Sitting in a corner booth in Cafe Express, Monika Korra sighs and half smiles. "I’m really not looking forward to my U.S. history exam," Korra, a senior at SMU, said.
If you weren’t paying attention, you might miss her. She is a sliver of a woman, though she moves with an athlete’s grace in her black sweater and pants, gold jewelry and cheetah print scarf. That Korra is fretting over a history exam is nothing short of miraculous given what happened two years ago. On Dec. 5, 2009, Korra was leaving a party with her SMU roommates when three men kidnapped her at gunpoint, holding a gun to her head while they gang raped her for more than an hour then left her naked in the frigid night near the intersection of Haskell Avenue and Crosstown Expressway.
Korra, a native of Norway and a member of the SMU cross country team, did not follow the path of most sexual assault victims. She immediately reported the rape to the Dallas Police Department. She worked with police and the Dallas County District Attorney’s office to build a strong case against her attackers. Her testimony in court helped convince jurors to convict two of the men of aggravated sexual assault; each was sentenced to life in prison. The third pled guilty to aggravated sexual assault and was sentenced to 25 years in prison.
After the last man was convicted, Korra allowed reporters to use her name in their stories. “I don’t want to be defined as a victim,” Korra told The Daily Campus. “I want to show that it is possible to heal from this.”
The men convicted of raping Korra were suspected of being in the U.S. illegally, according to Dallas County jail records. One had been convicted of theft of a human corpse in Laredo, records show. Another recently had been arrested for possession of suspected black tar heroin.
Korra said her role in prosecuting her attackers was central to her recovery. She no longer fears them or worries about what they will do to others. She found peace by helping send them to prison.
“That was my goal: to find them, to make sure they would be locked up and never would be able to do that to anyone ever again,” she said.
Prosecuting someone for sexually assaulting an SMU student is rare. SMU Police Chief Richard Shafer, who has been at the university since 1999, said other than Korra he could not recall anyone accused of raping an SMU student whose case went to trial.
According to SMU crime statistics, 40 women — almost all of them students — reported being sexually assaulted since 2006.

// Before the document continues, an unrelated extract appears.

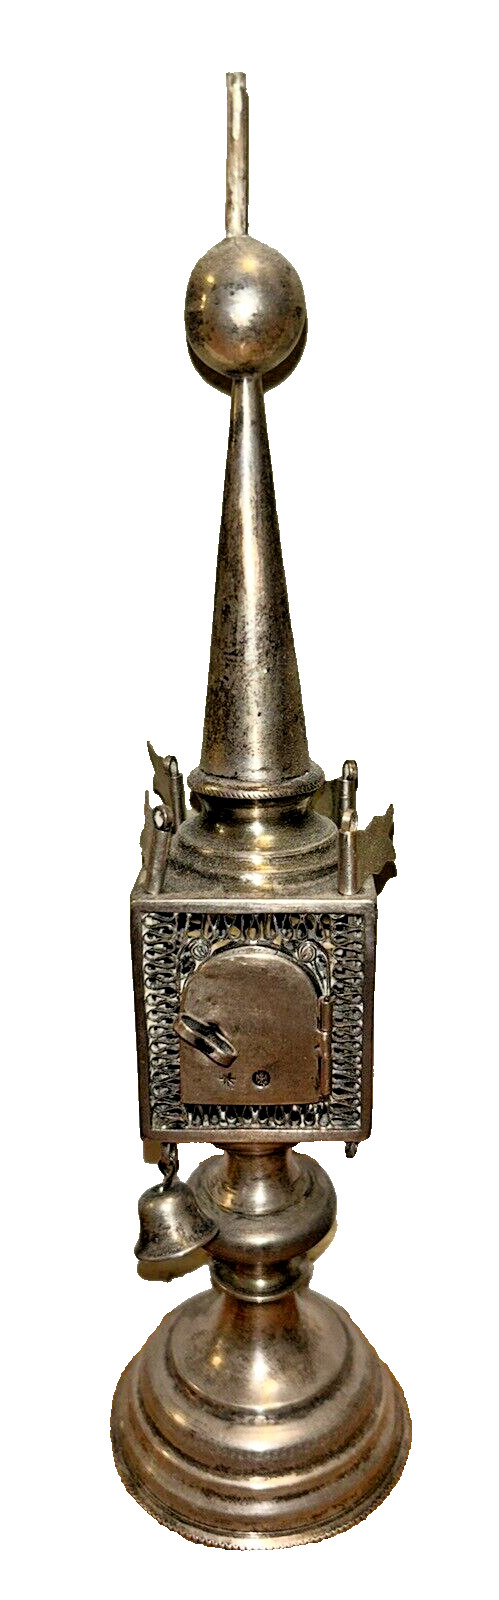 Spice Tower Havdalah Silver Antique Russian 84 Marked Jewish Judaica Look

Nationally, if a rape is reported, there is a 50 percent probability a suspect will be arrested, according to the Rape, Abuse and Incest National Network (RAINN). If a suspect is arrested for sexual assault, RAINN found there is an 80 percent probability of prosecution.
Erin Hendricks served as the lead prosecutor in Korra’s case.
The SMU Law School graduate, who worked in the district attorney’s office from 2002 to 2010, found Korra’s tenacity inspiring.
"She was all mental discipline all the time,” Hendricks said. “She never took her eye off the ball."
The Attack
The night of Dec. 5, 2009 was cold. Korra and her roommates attended a soccer team house party in Old East Dallas. The three left around 2:10 a.m. A friend was waiting in a car. As they ran through the icy air, a black Ford Expedition hurtled toward them. Korra heard someone screaming in Spanish. She turned to the driver, thinking he needed help.
“Before I knew it, there were two men behind me, and they grabbed my head at gunpoint,” she recalled.
The men dragged Korra into the SUV and drove off. Court testimony would show their leader was Arturo Arevalo, a convicted felon and admitted gang member. Arevalo held Korra at gunpoint, her face pressed against the floor. Arevalo and his companions, Alfonso and Luis Zuniga, threatened to kill Korra if she tried to resist.
“They kept saying, ‘Give us what we want or we’ll shoot,’” Korra recounted.
For 80 minutes, the three men took turns raping her. Korra recalls how Arevalo forced her to sit in his lap, look him in the eyes and kiss him.